The sessions look at homelessness specifically in relation to health issues, developing an understanding of complex needs and person-centred care​. 

The course also explores the ways that neurodiversity and levels of autism can have an impact on homelessness and aims to promote a greater understanding of areas such as symptom management for clients who may have a history of substance or alcohol abuse.

“There is also a need to understand how alcohol consumption can affect the patient as well as learning about difficulties around unsocial behaviour, poor housing, no heating and the fact that, for many of these people, a bed might just be a mattress on a floor,” said Helen. 

“By the end of the four weeks we aim to show that, even with all the problems that come with homelessness, it is still possible to offer palliative and end of life care for people with nowhere to live. 

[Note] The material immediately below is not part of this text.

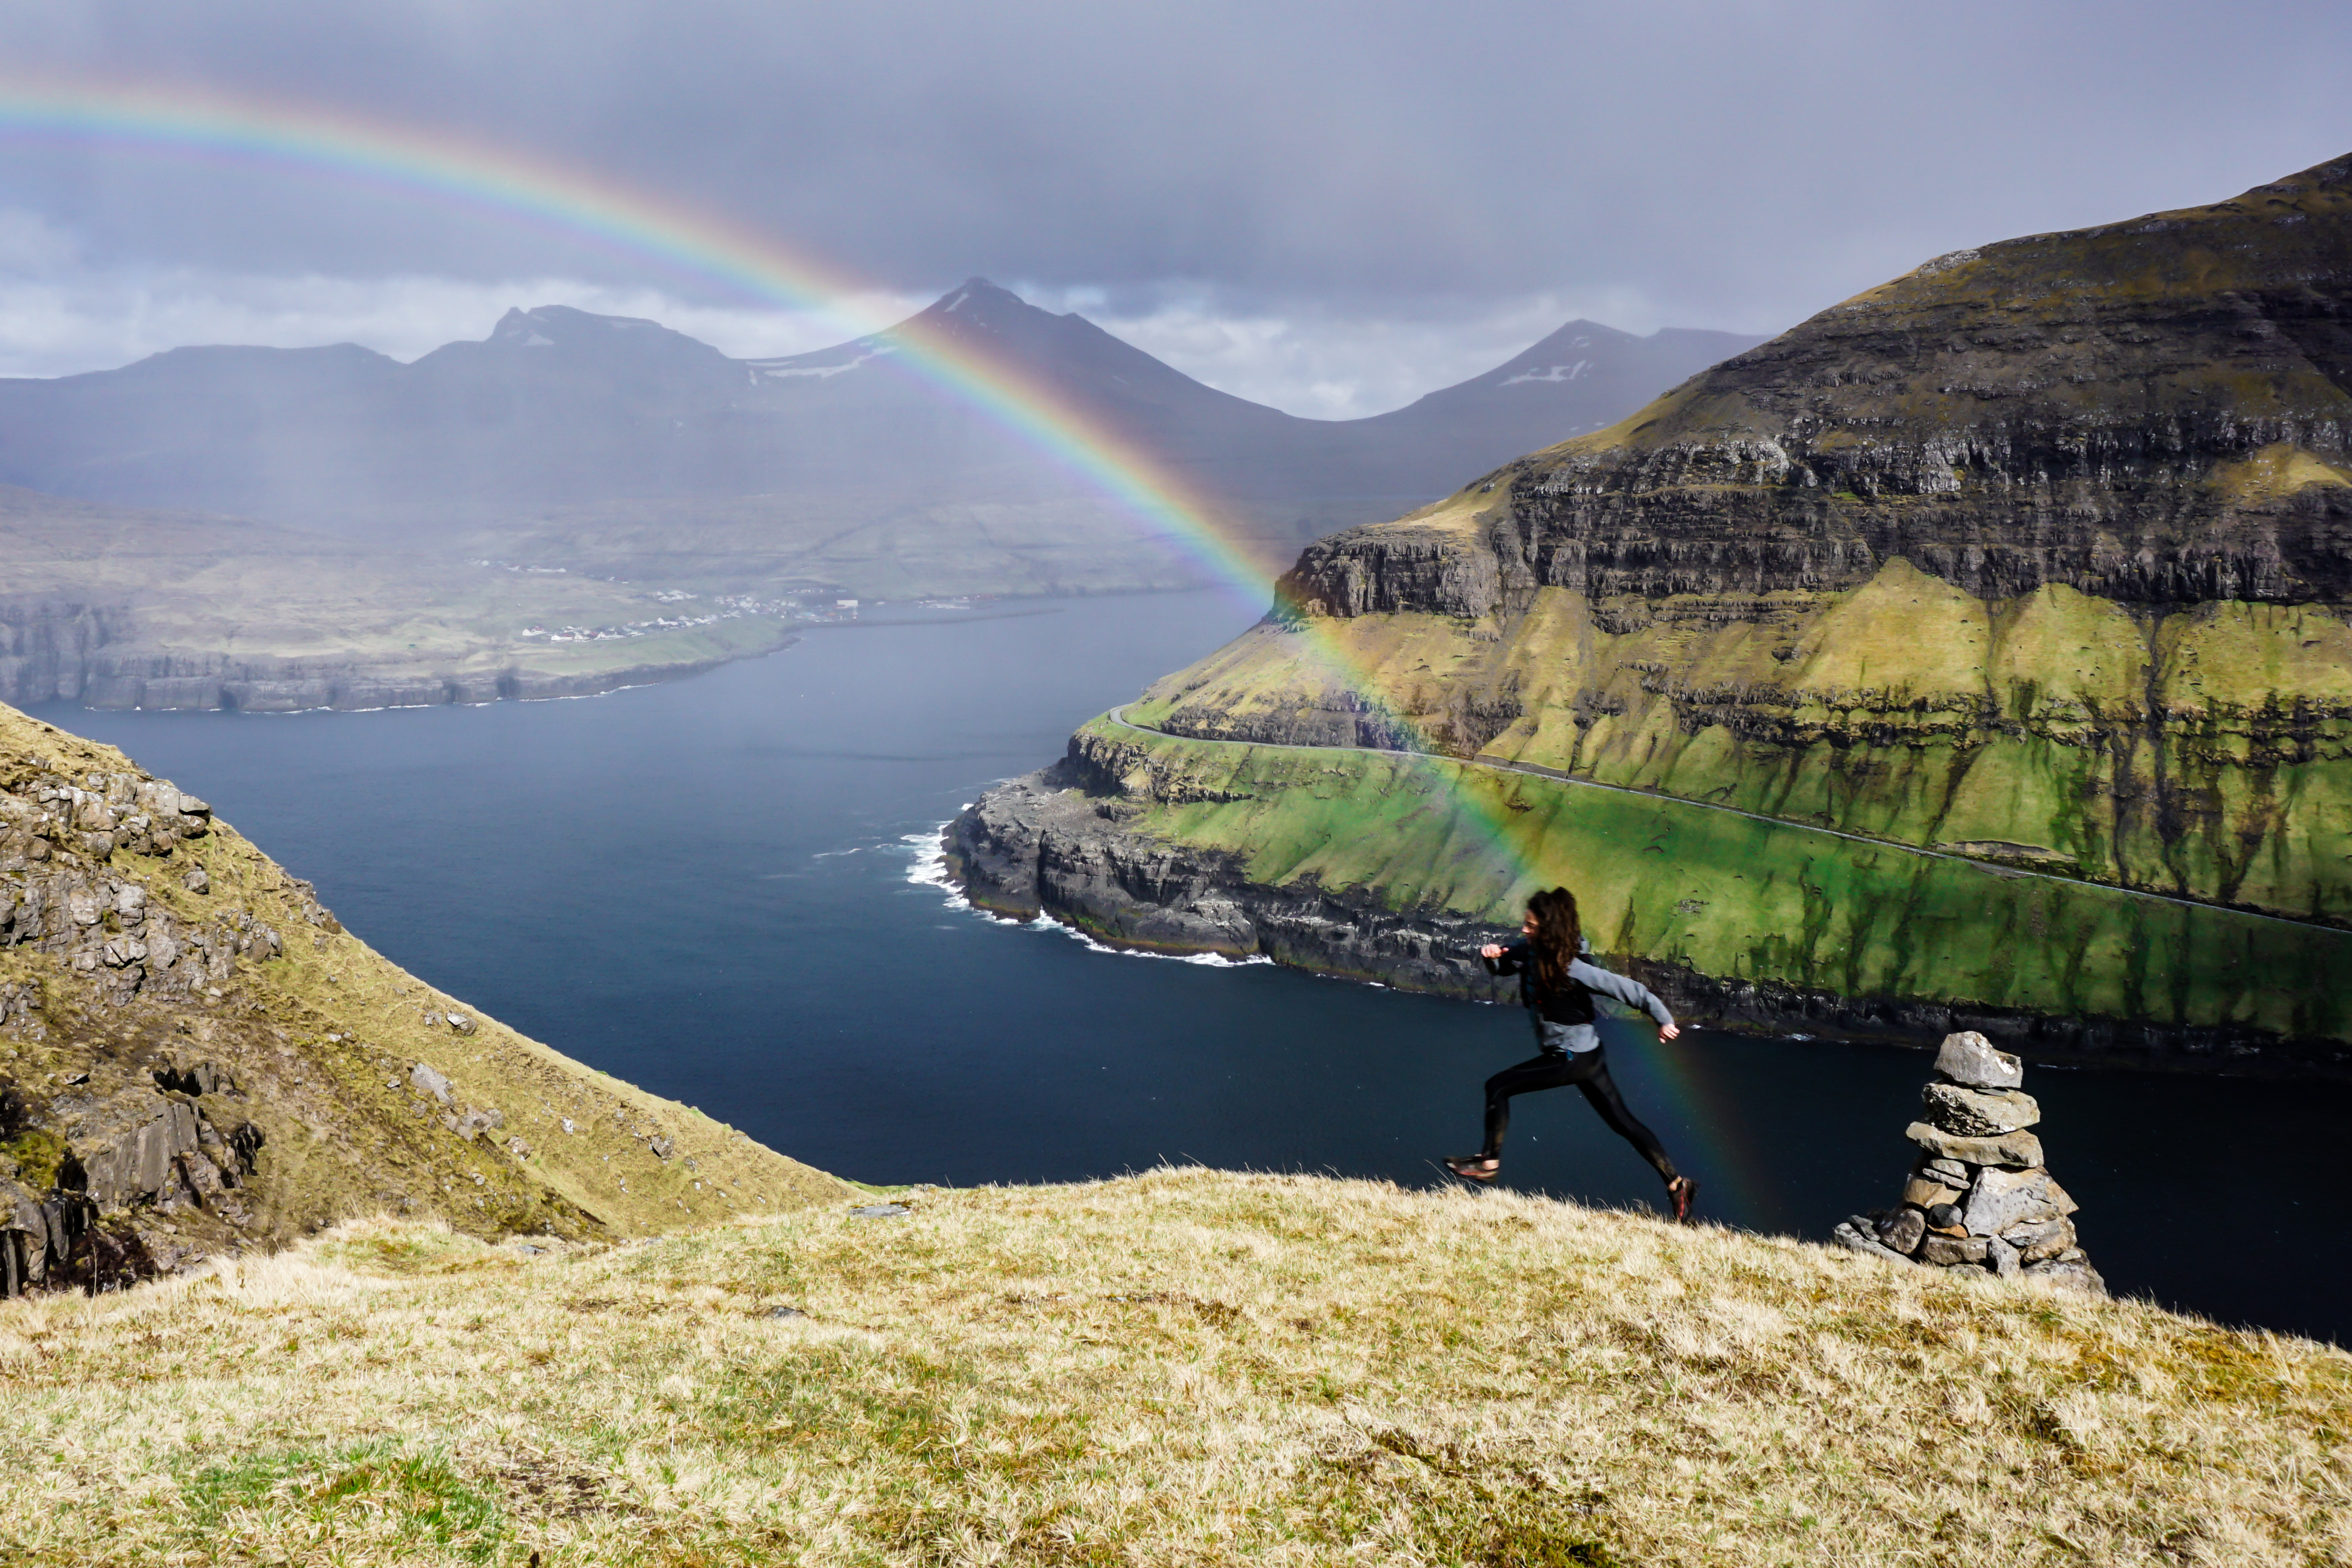 The 2018 Útilív Adventure Festival in the Faroe Islands

“Working with homeless people when they are at their most vulnerable can be challenging at times - you have to accept that this is how this person is living and this is where they are and you need to be able to develop an understanding of how you can support them wherever they are, even though that support might be difficult to administer.

“Building trust is a big thing and then all you can hope is that you will do your best for them, just as we would for any other patient. 

“There is a real call for this sort of service but the real difficulty is that we don’t know how many people we are missing and how many people have died without the support we could have offered.”